Mata kedua Pabbangkung tetap awas melihat penduduk yang berbaris.
“Tidak ada yang boleh bergerak!” teriak Pabbangkung berkuda putih lantang sambil mengacung-acungkan parang yang menyilaukan mata. Seluruh penduduk bergidik. Suasana begitu mencekam. Ditambah pula si raja siang sudah mulai tertelan di kegelapan malam. La Paggaru belum juga muncul.
“La Panggaru! La Panggaru! Keluar kau atau kubakar seluruh kampung ini!”
Pabbangkung berkuda coklat mulai menebas batang-batang padi yang tadi belum rampung diikat. “Srett … srett … srett….” Sesekali terdengar bunyi gemerincing parang beradu dengan batu.
“Bisa-bisanya kamu menipu kami, monyet kecil!” aum Pabbangkung berkuda putih. “Kau rasakan akibatnya, ya!”
Tiba-tiba terlihat sebuah titik api dari tangan salah satu Pabbangkung.
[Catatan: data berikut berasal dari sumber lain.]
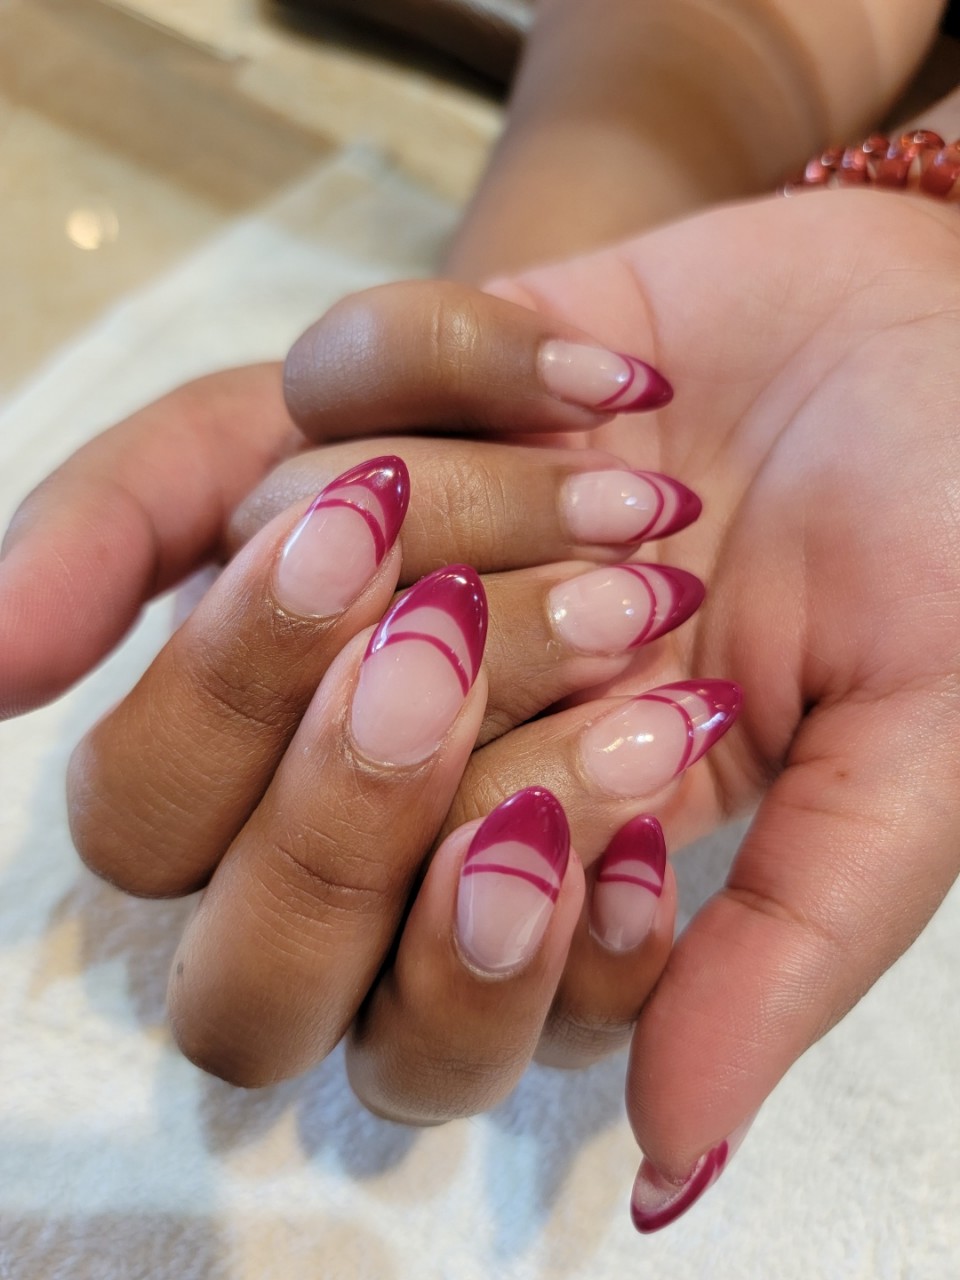 Lees French Nails | 3 Paterson Ave, Little Falls, NJ 07424 | Phone: (973) 256-5995

Titik api itu kemudian meluncur ke atap rumah yang dimasuki La Paggaru. Apipun berkobar, melalap rumah-rumah penduduk.
Di tengah hiruk-pikuk kebakaran, kedua Pabbangkung memacu kudanya menyisir rumah-rumah yang sedang terbakar. Suara derap kaki kuda dan gemuruh api yang sedang berkobar bagaikan musik pengantar kematian.
Tiba-tiba kuda putih tersungkur ke tanah yang menyebabkan Pabbangkung ikut pula terpental nyaris masuk ke dalam kobaran api. Dengan sigap Pabbangkung menarik tali kekang kudanya dan ternyata si kuda putih masih mampu berdiri. Ia memberi isyarat ke Pabbangkung berkuda coklat untuk meninggalkan kampung yang mereka bumi-hanguskan. Tidak cukup sampai di situ, Pabbangkung juga menculik ibu dan seorang adik lelaki La Paggaru.
Saudara-saudara dan keluarga La Paggaru sangat sedih namun mereka tak mampu berbuat banyak. Penduduk desa pun hanya bisa menangisi harta bendanya berupa rumah beratap daun rumbia, berdinding anyaman bambu dan beralaskan tanah.
Sedangkan La Paggaru tidak diketahui rimbanya hingga beberapa tahun kemudian.
***
LATAR Tahun 1950, Desa Watu, Marioriwawo, Kabupaten Soppeng, Sulawesi Selatan.